In the material below, find the line with "Wayne Gretzky No. 99 Red Cask Whisky" and the line with "Teetotal Yard typical", then output those two lines and every line between them, exactly.

Top of Material provided

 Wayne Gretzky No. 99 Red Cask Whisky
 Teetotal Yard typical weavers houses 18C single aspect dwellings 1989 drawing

Bottom of Material provided
Top of Material provided

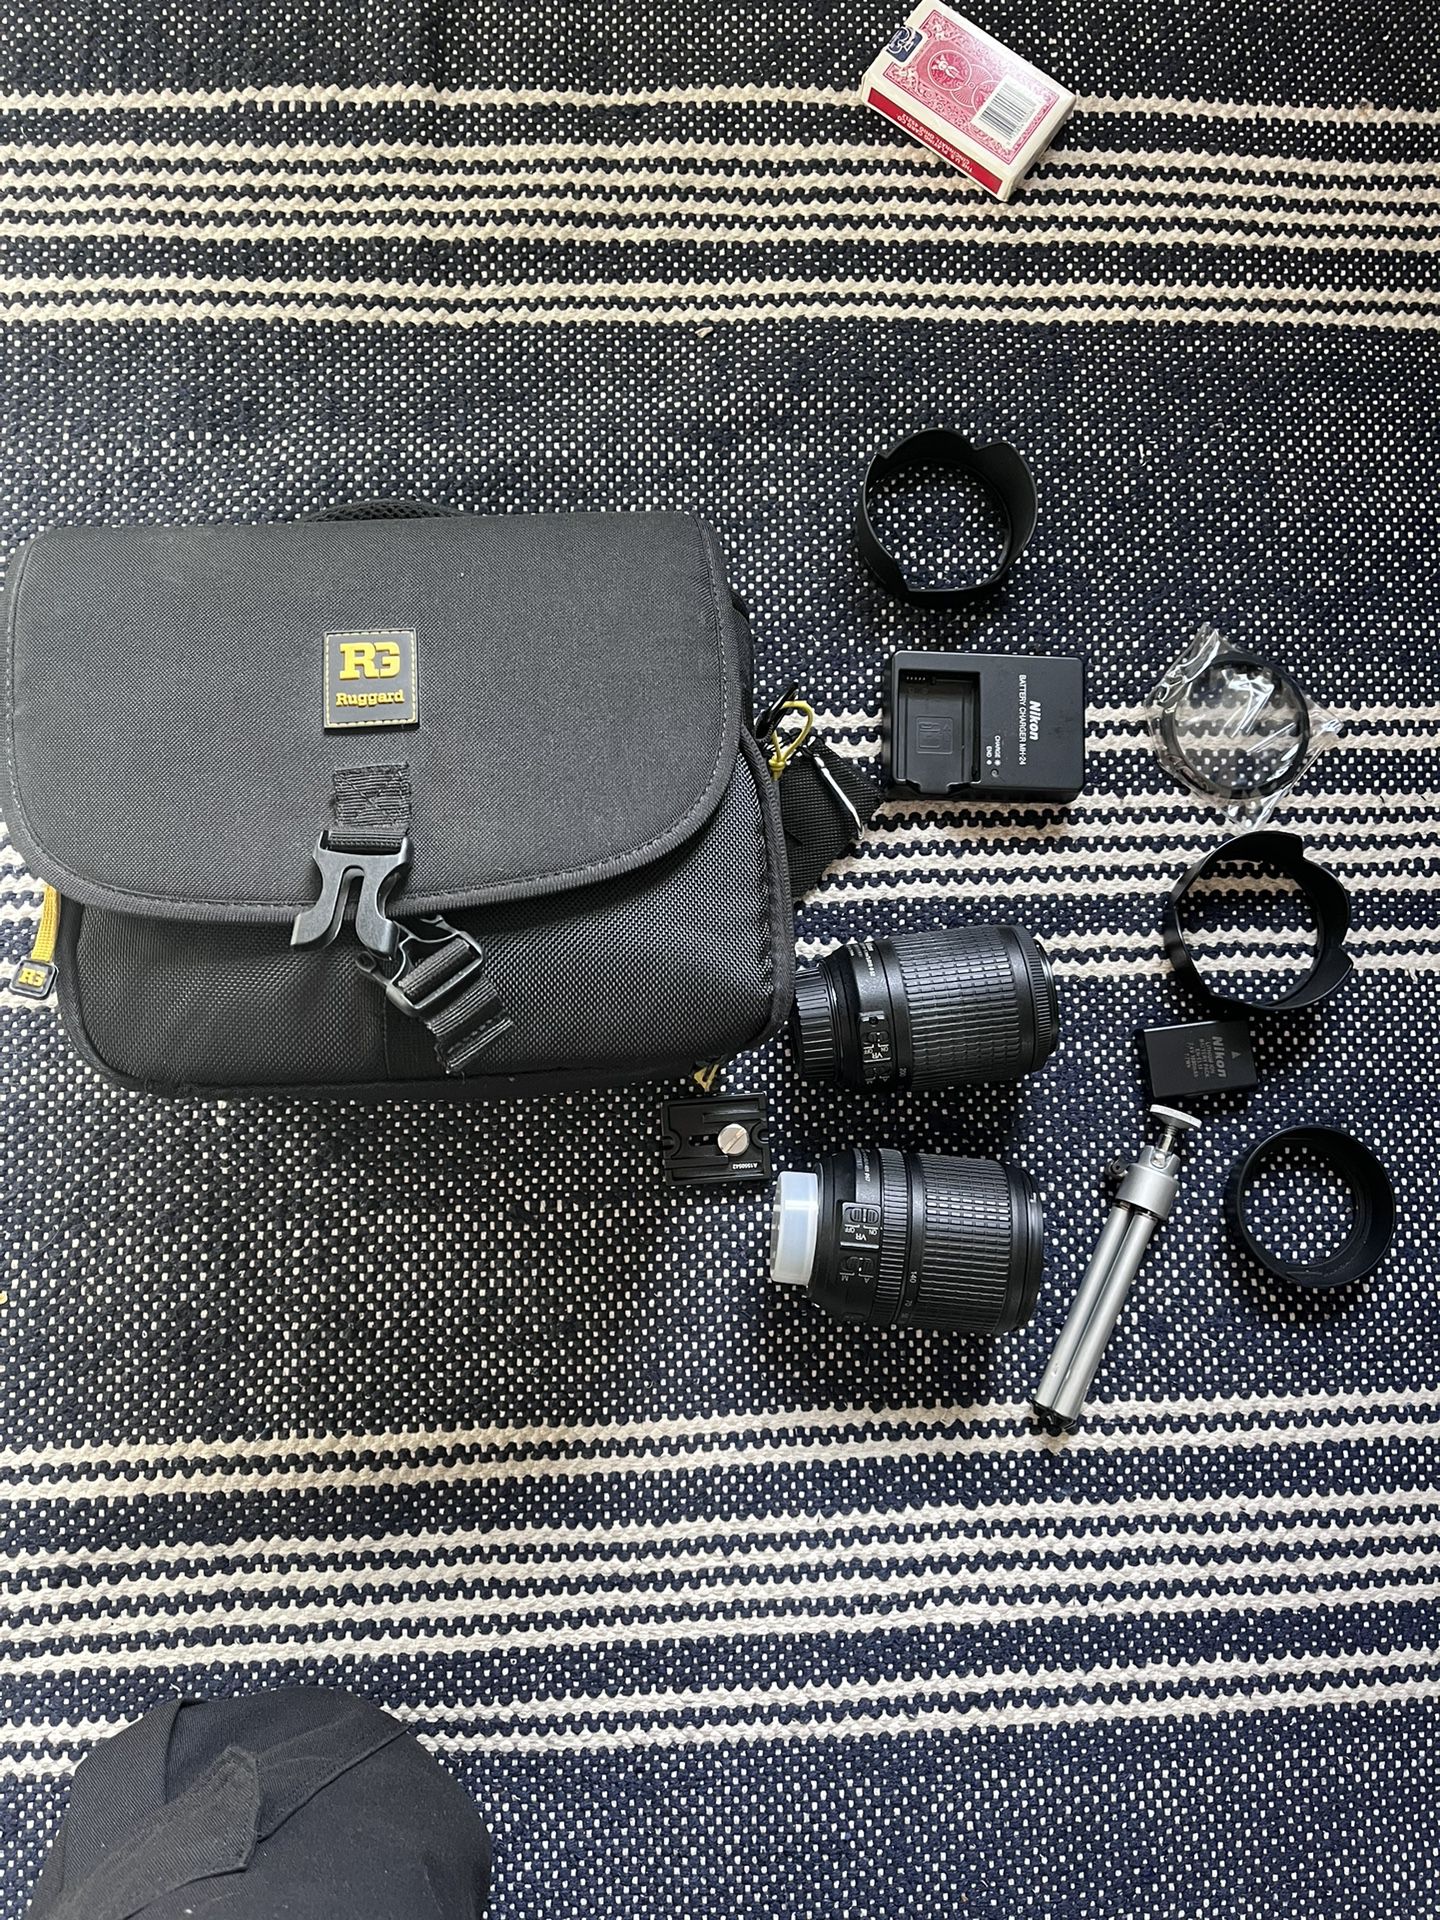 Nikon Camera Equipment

Bottom of Material provided

* _Task answer_
 Wayne Gretzky No. 99 Red Cask Whisky
 Teetotal Yard typical weavers houses 18C single aspect dwellings 1989 drawing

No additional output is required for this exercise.